Sunday, September 27, 2009

Joey’s Take: The Dog Park

We’ve got a lot of problems facing our country right now. One of the biggest is the insane partisanship that’s ripping us apart. My years of experience as playground police at the dog park make me uniquely qualified to handle this situation. If the bullies in Congress – regardless of their party affiliation – get out of hand, I’ll be right there nipping at their heels until they get back to business in a civil manner. If that doesn’t work, I’m great at body slamming the pit bulls and rolling the little yelpers.

Speaking of the dog park. … I’ve noticed that what works in the neighborhood dog park doesn’t play so well on the Capitol Mall. Can you imagine 100 dogs, of every size and breed imaginable, running unleashed and out of control on the Mall? (OK, we’ve got that pretty much in the Senate!) Seriously, that many dogs chasing sticks, Frisbees, tennis balls and each other outside the confines of a dog park would create traffic jams, lead to some dog-bites-man non-news for the 24-7 news frenzy and result in a few dead Snoopys and Rovers. What works on a small scale usually doesn’t work on a national scale – whether you’re talking unleashed animals, health care or education.

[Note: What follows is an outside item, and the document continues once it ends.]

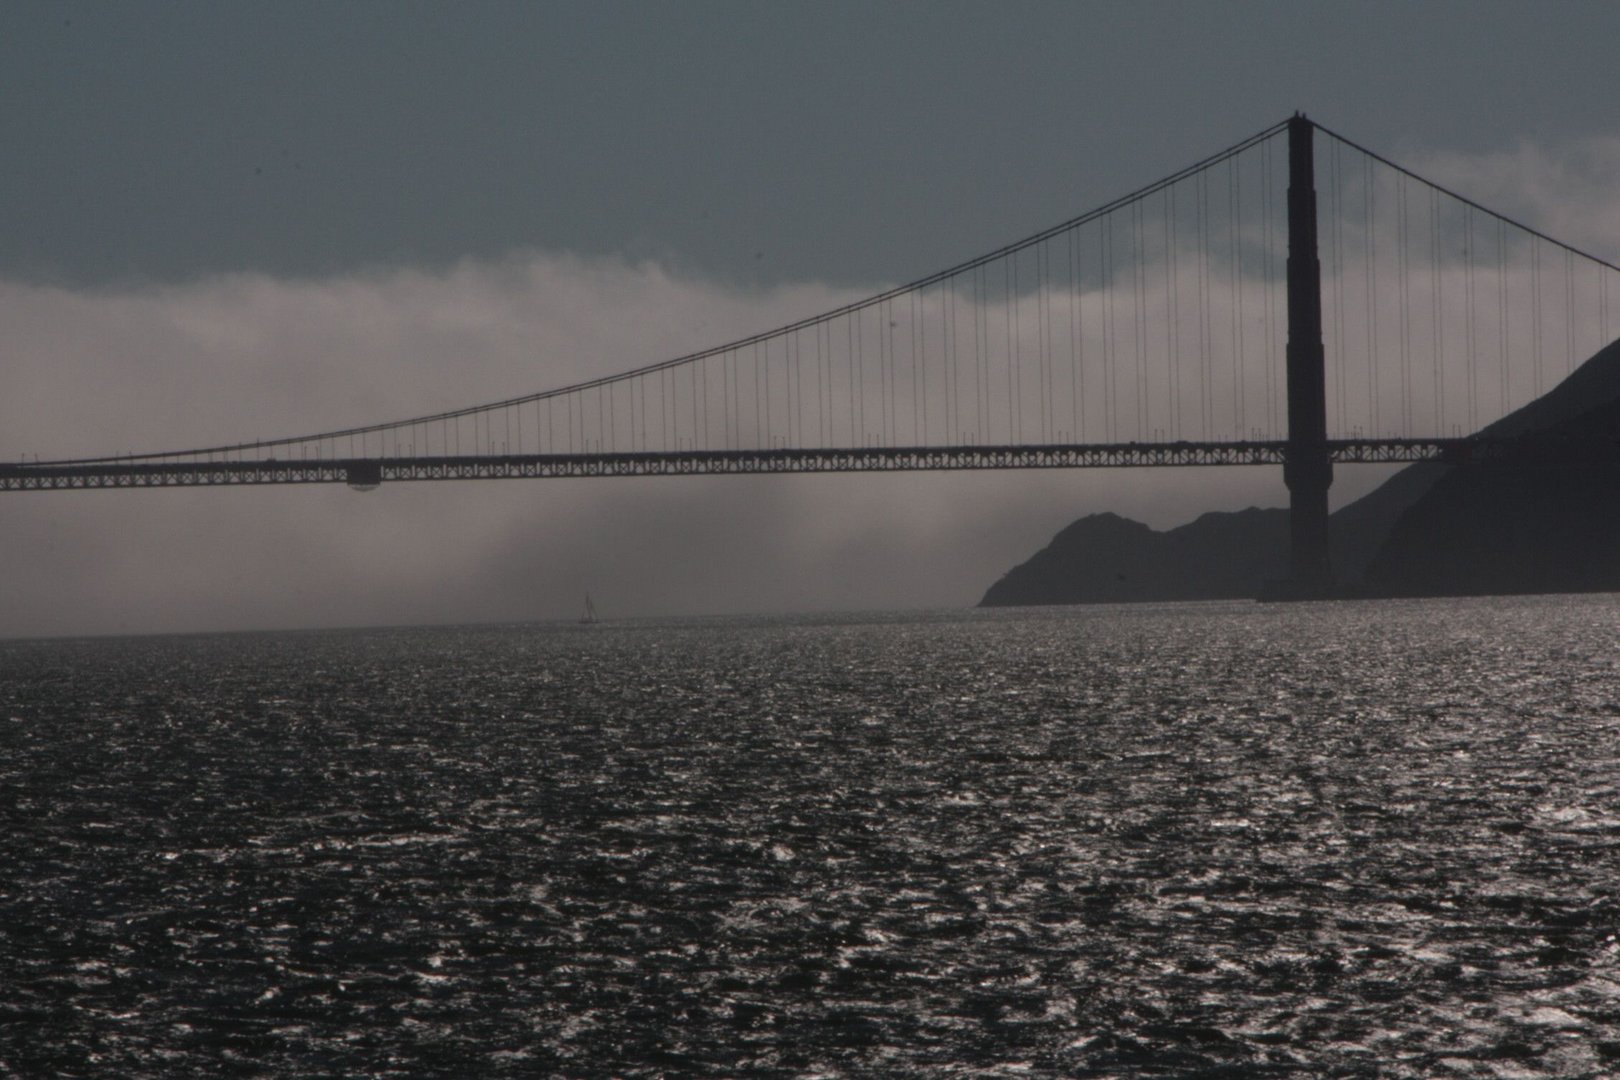 Golden Gate Bridge - the fog coming

The reason is accountability. In most neighborhood dog parks, the dogs get to know each other, and they’re accompanied by people who get to know each other. The end result is the people and the dogs begin to look out for each other. That doesn’t happen on a national scale populated by faceless masses and manipulated statistics.

Hillary (Clinton, that is) got it half right when she said it takes a village to raise a child. But when she “introduced” that African concept to the U.S., she mistranslated the word village. In most African countries, a village is simply a cluster of people united by kinship – and, thus, accountability and responsibility. In other words, it takes a FAMILY to raise a child, or care for their elderly, or tend to the sick within their midst, or look after the destitute among them. But in Hillary’s mind, village is translated as government, removing the need for personal accountability and responsibility.

As your representative in Congress, I’ll demand civility and do everything I can to remove the government from the village.

I’m Joey. I’m running for Congress. And I approved this message.